> **What needs to be done**: For the material below, return exactly the lines starting at the one holding "antepassado, idade da" and ending at the one holding "Mandol’in Progress, The Dark", counting both as part of the range.

> **Data for processing**:
===

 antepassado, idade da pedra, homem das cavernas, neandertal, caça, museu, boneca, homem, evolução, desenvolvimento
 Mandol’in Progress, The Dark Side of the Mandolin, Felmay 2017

===

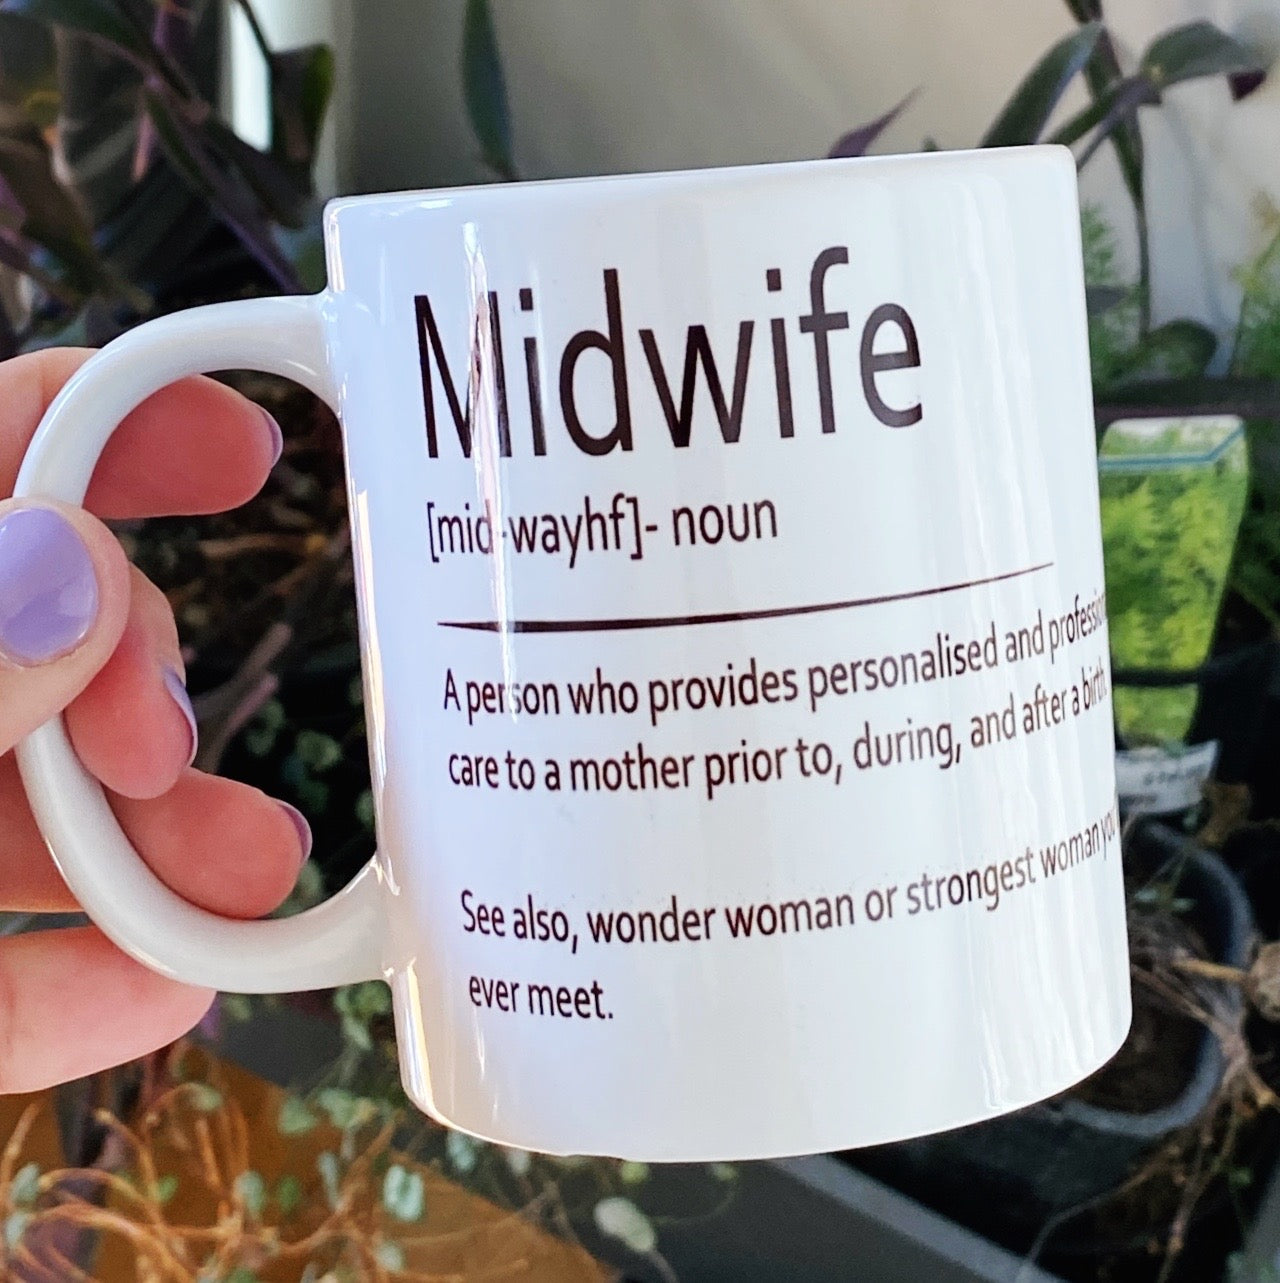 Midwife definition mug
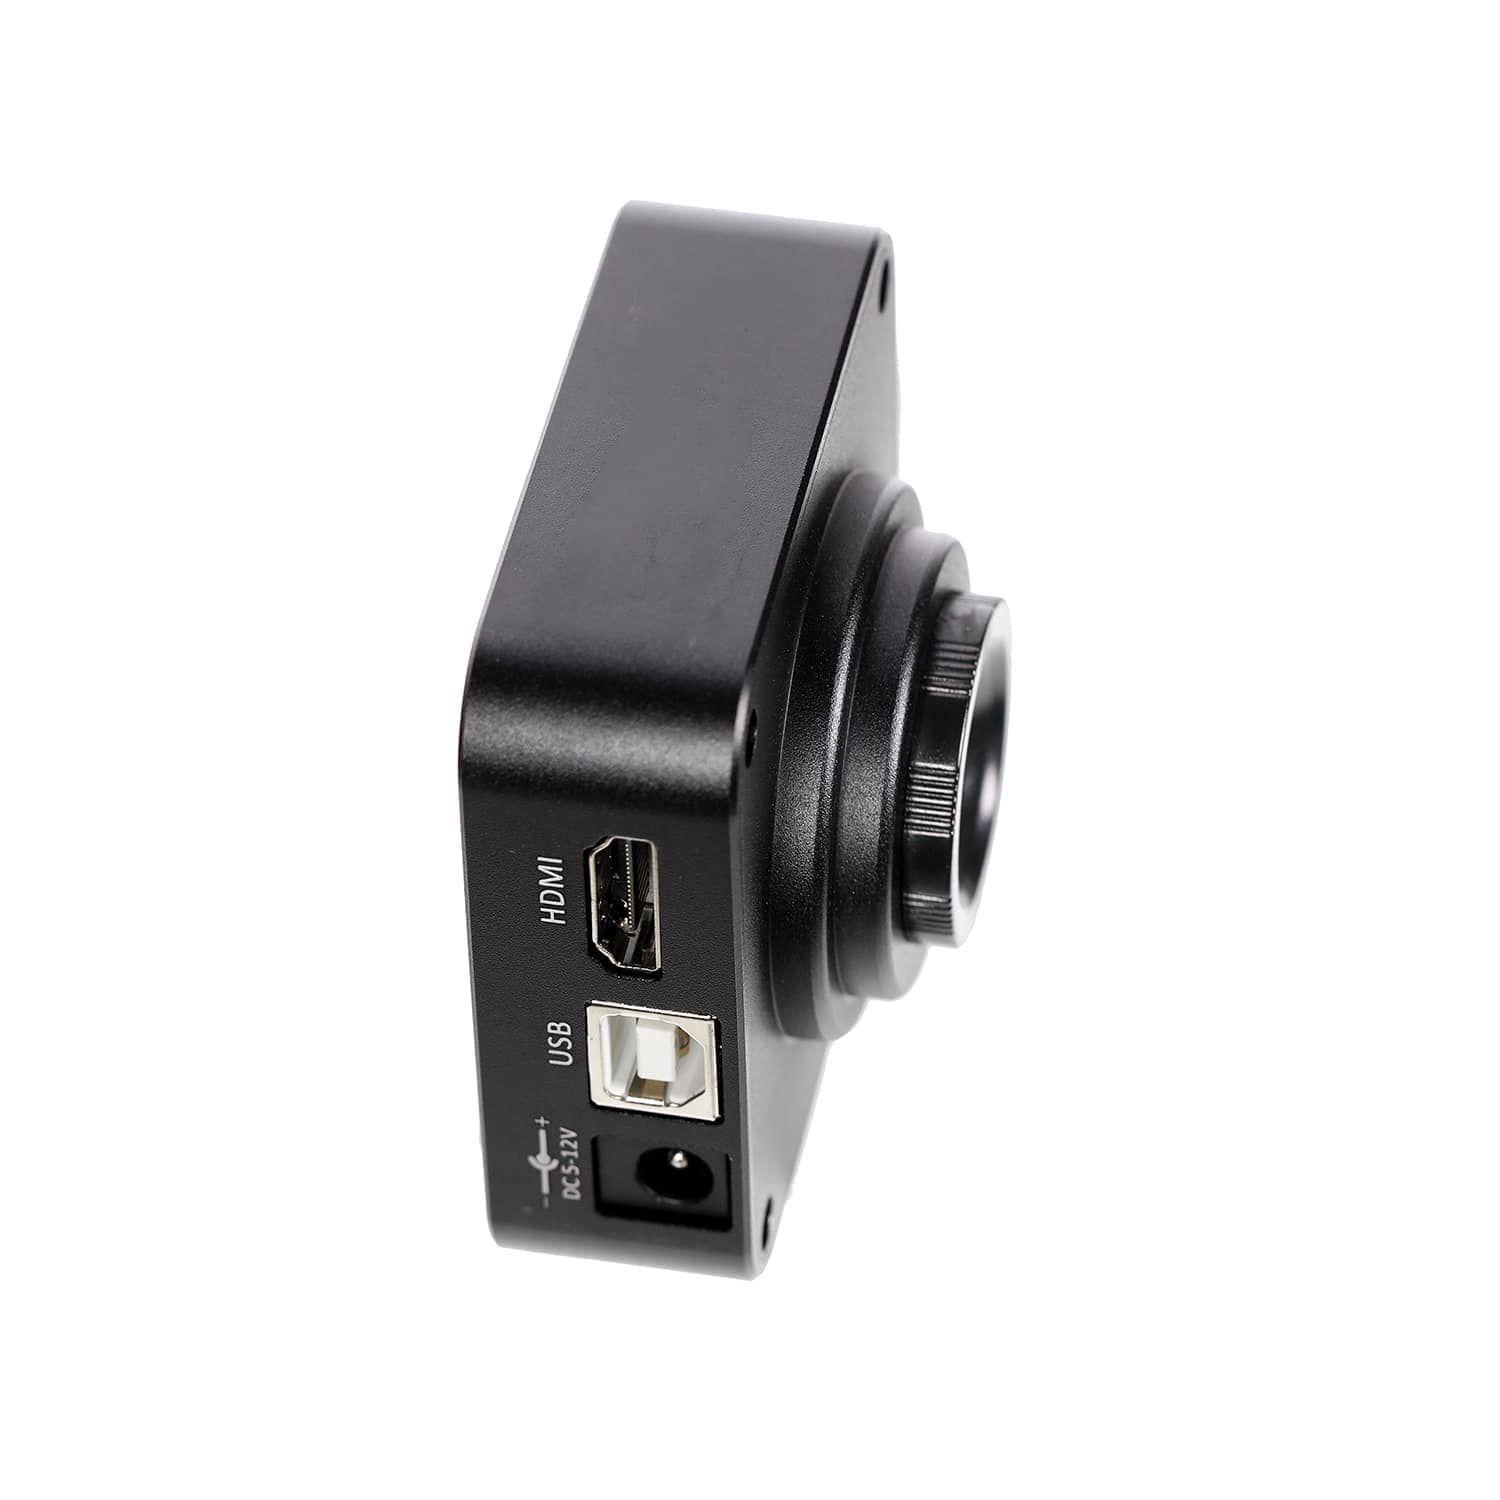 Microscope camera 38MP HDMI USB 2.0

===

> **Written answer**:
 antepassado, idade da pedra, homem das cavernas, neandertal, caça, museu, boneca, homem, evolução, desenvolvimento
 Mandol’in Progress, The Dark Side of the Mandolin, Felmay 2017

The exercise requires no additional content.